Conceptually, integration means breaking an interval into many small pieces. For each piece, we take the value of \(f(x)\) and multiply it by the width of the piece. Adding all these pieces together gives an approximation of the total accumulation. As the pieces become smaller and more numerous, this approximation approaches the integral. Mathematically, we represent this very small width as \(dx\).

Integration
Riemann Integration and Darboux Lower Sums. By IkamusumeFan - Own work This plot was created with Matplotlib., CC BY-SA 3.0, Link

Note

In DL, training is never based on a single example. A model is evaluated by how it performs across many examples, so errors must be combined into one overall value. In practice, we only have access to a limited number of training examples. A common case in ML and DL is mean squared error (MSE), where for each training sample we compute a prediction error, square it (so negative and positive errors do not cancel, and larger mistakes are penalized), and then average these squared errors over the dataset. Conceptually, however, this dataset-level average is not the final goal.

The dataset is usually treated as a small collection of examples drawn from a much larger source of data. Ideally, we would like to measure the model’s average error over all possible data points it might encounter, not just the ones we happened to collect. The finite average used in training should therefore be understood as a practical approximation of a more general, ideal accumulated continuous quantity. For the values \(g(x_1), g(x_2), \dots, g(x_N)\), we can write

\[ \mathbb{E}_{x \sim p}[g(x)] \approx \frac{1}{N}\sum_{i=1}^N g(x_i). \]

Here, the right-hand side is what we compute from data, and the left-hand side represents the ideal quantity we are trying to approximate. This ideal accumulated quantity is written precisely using the concept of an expectation. When data is described by a probability distribution \(p(x)\), the average value of a quantity \(g(x)\) is written as

\[ \mathbb{E}_{x \sim p}[g(x)] = \int g(x)\,p(x)\,dx. \]

You do not need a deep understanding of probability to read this expression. Conceptually, it means: consider all possible values of \(x\), weight each value by how common it is, and add everything up. Many DL loss functions can be understood this way, as average losses over all possible data. For discrete datasets, this expectation reduces to a finite sum, while for continuous variables it is written as an integral. The integral itself is not special—it is simply the mathematical way to express an average over all possible inputs when the space of inputs is continuous.

Tip

If the idea of expectations or probability distributions feels unfamiliar, you may want to read the page dedicated to the Probability Theory alongside this section.

Differentiation

Differentiation answers the question: if we change the input slightly, how much does the output change? Suppose we start at \(x\) and then move a small step \(h\) to \(x+h\). The corresponding change in the output is \(f(x+h) - f(x)\). By itself, this number depends on how large \(h\) is. To describe change in a way that does not depend on the step size, we compare the output change to the input change by forming the ratio

\[ \frac{f(x+h) - f(x)}{h}. \]

This ratio is called a difference quotient. It describes the average rate of change of the function over the small interval from \(x\) to \(x+h\). The derivative is defined as the limit of this ratio as the step size approaches zero:

\[ f'(x) = \lim_{h \to 0} \frac{f(x+h) - f(x)}{h}. \]

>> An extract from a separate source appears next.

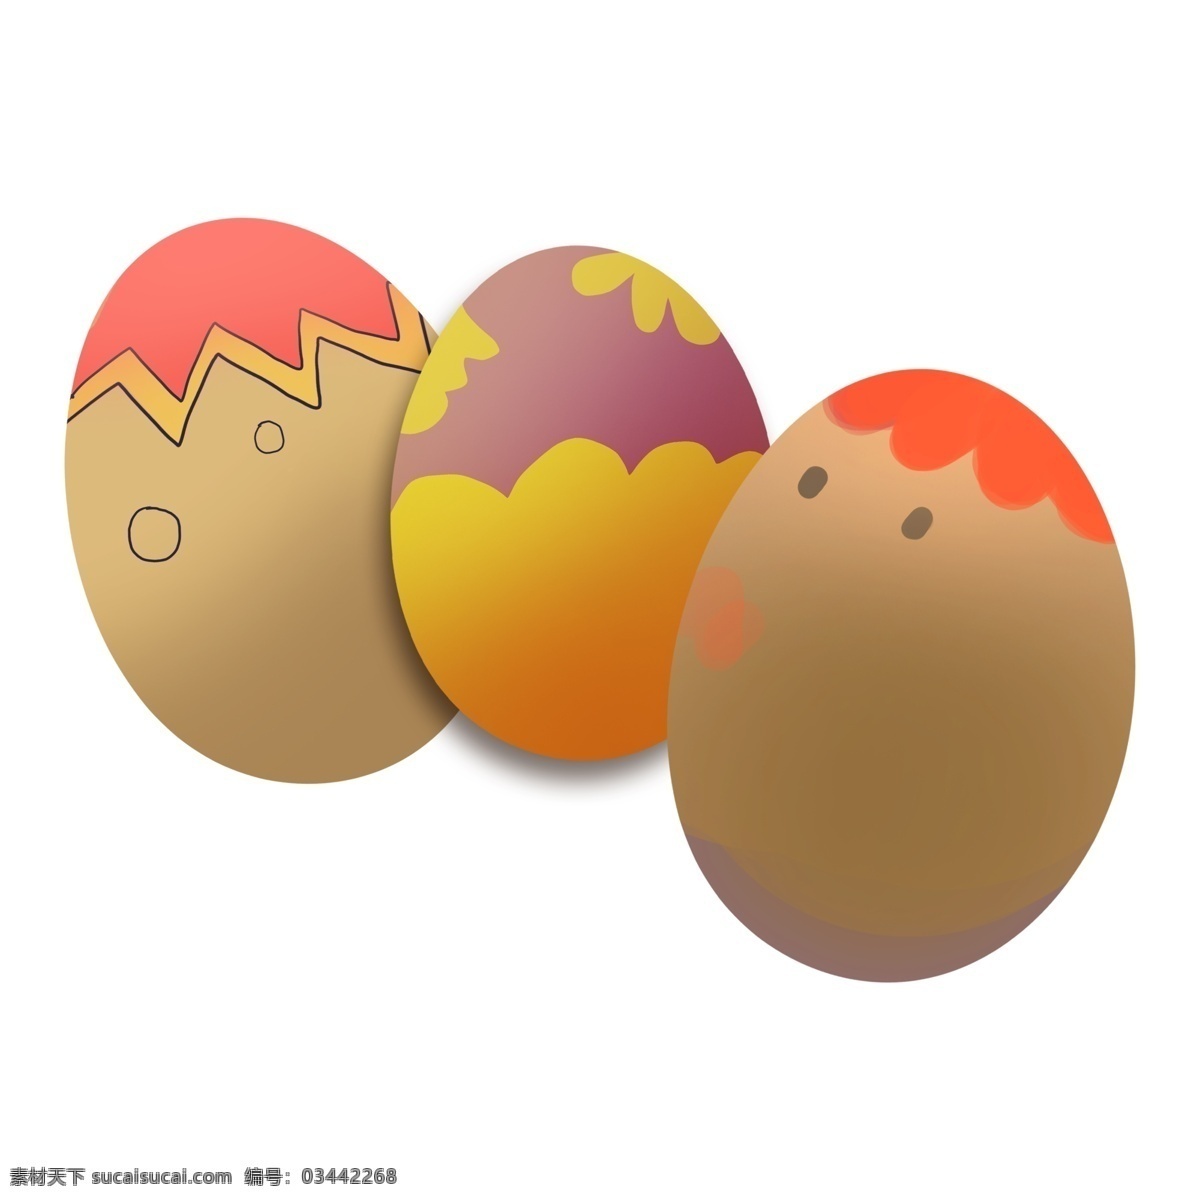 复活节 节日 气氛 彩蛋 元素 椭圆彩蛋 彩蛋装饰 彩蛋插画 立体彩蛋 卡通彩蛋

This definition captures the idea of an "instantaneous" rate of change. Intuitively, the derivative tells us the slope of the function at the point \(x\): if \(f'(x)\) is large, a tiny change in \(x\) causes a large change in \(f(x)\), if \(f'(x)\) is close to zero, the function is locally flat.

Note

In DL, if increasing a model weight slightly increases the loss, then the derivative of the loss with respect to that weight is positive. That means decreasing the weight slightly should reduce the loss (at least locally).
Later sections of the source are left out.